───── Data provided

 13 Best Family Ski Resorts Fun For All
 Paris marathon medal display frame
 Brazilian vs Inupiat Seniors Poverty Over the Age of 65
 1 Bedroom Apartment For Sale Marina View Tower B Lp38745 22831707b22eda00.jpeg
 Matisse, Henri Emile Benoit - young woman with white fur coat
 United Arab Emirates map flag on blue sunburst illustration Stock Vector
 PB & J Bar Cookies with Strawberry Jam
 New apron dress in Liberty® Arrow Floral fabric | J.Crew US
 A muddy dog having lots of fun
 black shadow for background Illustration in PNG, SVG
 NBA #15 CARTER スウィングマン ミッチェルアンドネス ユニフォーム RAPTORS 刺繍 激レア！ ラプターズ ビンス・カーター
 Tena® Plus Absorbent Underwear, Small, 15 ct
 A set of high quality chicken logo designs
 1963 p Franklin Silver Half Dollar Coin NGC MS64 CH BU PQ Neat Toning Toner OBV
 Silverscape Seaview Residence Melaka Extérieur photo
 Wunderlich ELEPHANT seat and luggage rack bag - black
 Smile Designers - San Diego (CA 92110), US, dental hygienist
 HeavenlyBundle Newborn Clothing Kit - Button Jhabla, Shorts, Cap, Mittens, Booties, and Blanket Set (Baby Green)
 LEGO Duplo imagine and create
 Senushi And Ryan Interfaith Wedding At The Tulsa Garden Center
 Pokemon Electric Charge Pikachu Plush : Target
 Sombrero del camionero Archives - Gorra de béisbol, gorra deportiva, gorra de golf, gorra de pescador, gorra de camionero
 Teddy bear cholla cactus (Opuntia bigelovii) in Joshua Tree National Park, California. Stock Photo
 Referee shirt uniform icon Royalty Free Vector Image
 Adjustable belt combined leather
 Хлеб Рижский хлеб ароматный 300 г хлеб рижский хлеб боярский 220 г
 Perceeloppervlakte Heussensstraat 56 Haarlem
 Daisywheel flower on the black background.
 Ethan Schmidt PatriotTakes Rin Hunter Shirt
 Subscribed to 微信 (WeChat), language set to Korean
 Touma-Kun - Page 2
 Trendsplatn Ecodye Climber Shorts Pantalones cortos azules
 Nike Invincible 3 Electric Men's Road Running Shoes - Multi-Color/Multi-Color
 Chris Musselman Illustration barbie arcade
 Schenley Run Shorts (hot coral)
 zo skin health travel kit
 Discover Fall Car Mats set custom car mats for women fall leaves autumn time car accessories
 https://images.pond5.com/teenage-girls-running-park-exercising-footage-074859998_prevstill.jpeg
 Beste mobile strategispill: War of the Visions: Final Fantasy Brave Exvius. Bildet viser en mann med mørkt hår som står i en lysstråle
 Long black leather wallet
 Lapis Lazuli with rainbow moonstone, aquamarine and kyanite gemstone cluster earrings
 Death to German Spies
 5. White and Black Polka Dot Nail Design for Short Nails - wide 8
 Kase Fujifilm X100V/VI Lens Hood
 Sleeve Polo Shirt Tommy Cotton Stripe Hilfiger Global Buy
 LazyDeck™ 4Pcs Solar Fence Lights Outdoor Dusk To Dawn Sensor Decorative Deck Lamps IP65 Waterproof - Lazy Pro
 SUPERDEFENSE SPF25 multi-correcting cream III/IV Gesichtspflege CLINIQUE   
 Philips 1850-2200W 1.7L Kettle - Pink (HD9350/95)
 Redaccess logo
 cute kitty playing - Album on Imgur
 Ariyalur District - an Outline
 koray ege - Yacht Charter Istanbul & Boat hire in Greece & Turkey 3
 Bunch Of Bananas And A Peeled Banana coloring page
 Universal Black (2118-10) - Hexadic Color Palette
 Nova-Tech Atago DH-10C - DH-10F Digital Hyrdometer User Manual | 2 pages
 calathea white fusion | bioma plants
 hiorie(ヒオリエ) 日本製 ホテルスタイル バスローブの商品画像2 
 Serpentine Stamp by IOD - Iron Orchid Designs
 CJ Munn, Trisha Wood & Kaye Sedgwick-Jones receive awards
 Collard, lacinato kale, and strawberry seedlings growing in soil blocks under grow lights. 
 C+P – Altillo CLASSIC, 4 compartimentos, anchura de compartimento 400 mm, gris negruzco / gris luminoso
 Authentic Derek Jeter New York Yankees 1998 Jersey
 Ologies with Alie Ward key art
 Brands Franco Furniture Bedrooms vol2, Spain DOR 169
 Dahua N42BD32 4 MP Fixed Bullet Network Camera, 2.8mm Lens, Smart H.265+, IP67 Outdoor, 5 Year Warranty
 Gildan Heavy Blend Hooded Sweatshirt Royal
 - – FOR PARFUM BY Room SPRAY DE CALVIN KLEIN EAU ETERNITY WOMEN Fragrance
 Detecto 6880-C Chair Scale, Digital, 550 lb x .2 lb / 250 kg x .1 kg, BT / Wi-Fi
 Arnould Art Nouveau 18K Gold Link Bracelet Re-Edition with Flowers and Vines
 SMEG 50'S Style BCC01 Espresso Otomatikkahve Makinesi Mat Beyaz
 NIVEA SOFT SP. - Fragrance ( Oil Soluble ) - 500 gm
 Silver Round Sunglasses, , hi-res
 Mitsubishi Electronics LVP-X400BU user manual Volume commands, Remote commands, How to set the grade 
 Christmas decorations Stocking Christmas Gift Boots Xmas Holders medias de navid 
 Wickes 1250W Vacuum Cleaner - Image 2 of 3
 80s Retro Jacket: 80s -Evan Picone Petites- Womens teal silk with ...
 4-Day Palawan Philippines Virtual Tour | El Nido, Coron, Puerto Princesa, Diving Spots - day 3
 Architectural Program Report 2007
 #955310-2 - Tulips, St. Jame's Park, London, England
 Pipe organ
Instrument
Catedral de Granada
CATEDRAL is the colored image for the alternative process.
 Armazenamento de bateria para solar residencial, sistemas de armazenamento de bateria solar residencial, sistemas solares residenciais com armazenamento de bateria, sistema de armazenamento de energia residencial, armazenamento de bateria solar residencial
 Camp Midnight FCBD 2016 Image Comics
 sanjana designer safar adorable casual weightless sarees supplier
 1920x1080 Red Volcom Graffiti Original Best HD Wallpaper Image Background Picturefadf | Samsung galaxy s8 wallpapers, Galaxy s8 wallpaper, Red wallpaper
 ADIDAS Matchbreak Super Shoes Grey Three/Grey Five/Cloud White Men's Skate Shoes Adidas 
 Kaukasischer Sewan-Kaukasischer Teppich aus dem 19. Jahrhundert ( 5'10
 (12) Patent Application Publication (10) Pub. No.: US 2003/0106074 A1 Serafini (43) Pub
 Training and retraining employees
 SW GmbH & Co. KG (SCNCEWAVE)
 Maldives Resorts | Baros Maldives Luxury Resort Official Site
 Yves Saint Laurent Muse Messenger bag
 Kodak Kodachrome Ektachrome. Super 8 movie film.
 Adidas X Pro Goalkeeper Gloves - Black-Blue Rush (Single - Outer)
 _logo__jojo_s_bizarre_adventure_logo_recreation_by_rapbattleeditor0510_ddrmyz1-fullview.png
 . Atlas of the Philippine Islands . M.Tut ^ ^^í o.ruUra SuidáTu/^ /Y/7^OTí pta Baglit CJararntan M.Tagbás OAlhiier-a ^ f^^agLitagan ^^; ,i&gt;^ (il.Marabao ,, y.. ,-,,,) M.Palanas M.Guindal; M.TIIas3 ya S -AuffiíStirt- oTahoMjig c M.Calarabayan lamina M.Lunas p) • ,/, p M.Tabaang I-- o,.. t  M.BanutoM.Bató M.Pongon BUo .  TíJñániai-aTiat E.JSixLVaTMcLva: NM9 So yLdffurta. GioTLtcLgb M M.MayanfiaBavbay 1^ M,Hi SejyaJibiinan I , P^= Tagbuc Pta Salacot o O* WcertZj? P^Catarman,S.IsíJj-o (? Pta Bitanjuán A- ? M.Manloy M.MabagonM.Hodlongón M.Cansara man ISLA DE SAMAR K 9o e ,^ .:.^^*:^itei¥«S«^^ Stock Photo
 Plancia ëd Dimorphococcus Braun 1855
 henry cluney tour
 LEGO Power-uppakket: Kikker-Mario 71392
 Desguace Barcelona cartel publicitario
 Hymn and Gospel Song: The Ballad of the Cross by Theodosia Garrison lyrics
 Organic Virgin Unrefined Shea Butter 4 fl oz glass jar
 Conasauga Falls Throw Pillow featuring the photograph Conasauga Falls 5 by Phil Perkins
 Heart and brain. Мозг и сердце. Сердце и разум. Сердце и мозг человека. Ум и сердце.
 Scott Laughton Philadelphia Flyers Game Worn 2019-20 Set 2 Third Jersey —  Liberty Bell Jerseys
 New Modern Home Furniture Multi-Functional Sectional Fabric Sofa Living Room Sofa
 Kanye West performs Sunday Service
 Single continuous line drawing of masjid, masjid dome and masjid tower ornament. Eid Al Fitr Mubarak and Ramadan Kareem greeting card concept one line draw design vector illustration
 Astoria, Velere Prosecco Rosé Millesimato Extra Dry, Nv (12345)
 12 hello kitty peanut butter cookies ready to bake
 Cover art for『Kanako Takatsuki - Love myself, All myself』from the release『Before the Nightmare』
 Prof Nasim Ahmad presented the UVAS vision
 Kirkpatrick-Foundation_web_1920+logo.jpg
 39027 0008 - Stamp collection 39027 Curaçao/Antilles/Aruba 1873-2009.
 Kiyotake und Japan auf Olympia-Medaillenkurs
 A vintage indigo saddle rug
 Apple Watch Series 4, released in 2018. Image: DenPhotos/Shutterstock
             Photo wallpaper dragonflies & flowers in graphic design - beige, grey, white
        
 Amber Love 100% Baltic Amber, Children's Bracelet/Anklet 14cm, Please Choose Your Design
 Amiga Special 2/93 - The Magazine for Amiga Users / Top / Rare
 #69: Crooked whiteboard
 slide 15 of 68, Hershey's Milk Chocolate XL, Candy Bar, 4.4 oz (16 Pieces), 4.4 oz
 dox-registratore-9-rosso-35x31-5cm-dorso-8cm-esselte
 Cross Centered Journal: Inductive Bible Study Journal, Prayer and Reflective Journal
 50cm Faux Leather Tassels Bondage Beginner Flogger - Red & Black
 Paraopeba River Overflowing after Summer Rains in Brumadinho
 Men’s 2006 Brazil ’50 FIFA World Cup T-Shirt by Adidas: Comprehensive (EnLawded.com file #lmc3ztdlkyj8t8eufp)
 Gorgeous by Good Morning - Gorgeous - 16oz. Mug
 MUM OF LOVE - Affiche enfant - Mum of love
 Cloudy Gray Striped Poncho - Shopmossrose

──────────

Work to complete -
Copy word for word the stretch of entries above from the line that has "Smile Designers - San" through the line that has "Pokemon Electric Charge", both ends included, and nothing outside it.

Solution to the problem -
 Smile Designers - San Diego (CA 92110), US, dental hygienist
 HeavenlyBundle Newborn Clothing Kit - Button Jhabla, Shorts, Cap, Mittens, Booties, and Blanket Set (Baby Green)
 LEGO Duplo imagine and create
 Senushi And Ryan Interfaith Wedding At The Tulsa Garden Center
 Pokemon Electric Charge Pikachu Plush : Target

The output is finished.